Every line with the string "Women" in it belongs in your answer, so copy them all from the data.

BEGIN DATA TO USE

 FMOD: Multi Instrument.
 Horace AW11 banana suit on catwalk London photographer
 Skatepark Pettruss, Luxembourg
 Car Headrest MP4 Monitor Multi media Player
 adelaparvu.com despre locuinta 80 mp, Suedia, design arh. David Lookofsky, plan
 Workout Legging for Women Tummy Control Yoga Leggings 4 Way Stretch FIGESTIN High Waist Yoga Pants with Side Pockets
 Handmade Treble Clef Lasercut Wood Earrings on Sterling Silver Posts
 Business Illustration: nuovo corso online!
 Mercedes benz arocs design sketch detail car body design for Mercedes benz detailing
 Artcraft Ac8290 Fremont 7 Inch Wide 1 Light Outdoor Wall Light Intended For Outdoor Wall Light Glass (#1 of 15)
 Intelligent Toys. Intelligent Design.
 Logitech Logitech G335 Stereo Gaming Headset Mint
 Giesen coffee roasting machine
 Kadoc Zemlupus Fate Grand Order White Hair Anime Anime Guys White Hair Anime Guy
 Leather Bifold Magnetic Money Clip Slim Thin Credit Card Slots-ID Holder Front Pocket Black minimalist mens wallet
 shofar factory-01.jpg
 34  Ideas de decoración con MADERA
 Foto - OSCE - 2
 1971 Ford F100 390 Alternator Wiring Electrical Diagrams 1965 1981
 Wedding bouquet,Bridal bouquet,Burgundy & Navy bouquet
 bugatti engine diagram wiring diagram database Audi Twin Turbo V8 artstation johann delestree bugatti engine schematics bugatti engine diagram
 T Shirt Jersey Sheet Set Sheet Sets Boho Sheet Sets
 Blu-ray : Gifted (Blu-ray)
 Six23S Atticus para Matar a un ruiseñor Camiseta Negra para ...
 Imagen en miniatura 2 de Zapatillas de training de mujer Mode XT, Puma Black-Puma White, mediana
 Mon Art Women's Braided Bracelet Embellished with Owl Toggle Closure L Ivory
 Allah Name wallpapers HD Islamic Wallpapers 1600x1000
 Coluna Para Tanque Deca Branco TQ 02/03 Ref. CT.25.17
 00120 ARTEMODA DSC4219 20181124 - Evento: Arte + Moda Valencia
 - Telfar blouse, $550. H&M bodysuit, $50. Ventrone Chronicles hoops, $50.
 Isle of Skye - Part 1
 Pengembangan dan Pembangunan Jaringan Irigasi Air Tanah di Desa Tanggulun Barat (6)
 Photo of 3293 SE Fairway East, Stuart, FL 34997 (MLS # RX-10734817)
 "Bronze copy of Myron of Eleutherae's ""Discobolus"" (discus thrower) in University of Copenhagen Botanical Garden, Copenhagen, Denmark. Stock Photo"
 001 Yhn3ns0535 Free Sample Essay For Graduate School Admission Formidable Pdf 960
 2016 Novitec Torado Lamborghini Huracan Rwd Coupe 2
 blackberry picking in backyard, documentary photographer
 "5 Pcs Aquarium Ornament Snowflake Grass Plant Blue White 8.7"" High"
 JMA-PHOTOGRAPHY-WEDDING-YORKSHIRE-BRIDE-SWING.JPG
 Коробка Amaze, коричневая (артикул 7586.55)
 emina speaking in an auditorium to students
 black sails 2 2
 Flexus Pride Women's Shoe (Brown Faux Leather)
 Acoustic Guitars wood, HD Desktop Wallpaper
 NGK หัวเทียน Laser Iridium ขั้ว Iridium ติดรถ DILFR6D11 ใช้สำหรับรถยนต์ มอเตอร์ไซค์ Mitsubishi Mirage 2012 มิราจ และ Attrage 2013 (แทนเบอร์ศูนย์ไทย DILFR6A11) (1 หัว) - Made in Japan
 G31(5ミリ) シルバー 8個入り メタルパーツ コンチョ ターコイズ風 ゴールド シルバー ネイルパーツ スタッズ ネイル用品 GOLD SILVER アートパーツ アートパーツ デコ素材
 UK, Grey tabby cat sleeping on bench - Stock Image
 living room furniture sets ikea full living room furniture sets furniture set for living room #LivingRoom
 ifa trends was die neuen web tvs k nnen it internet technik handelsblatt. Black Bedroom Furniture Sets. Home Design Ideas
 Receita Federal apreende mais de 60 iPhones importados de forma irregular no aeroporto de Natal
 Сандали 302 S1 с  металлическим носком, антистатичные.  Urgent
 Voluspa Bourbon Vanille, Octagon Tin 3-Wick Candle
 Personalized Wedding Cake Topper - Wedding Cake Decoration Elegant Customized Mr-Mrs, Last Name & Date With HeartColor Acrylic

END DATA TO USE

- [RESPONSE AREA]:
 Workout Legging for Women Tummy Control Yoga Leggings 4 Way Stretch FIGESTIN High Waist Yoga Pants with Side Pockets
 Mon Art Women's Braided Bracelet Embellished with Owl Toggle Closure L Ivory
 Flexus Pride Women's Shoe (Brown Faux Leather)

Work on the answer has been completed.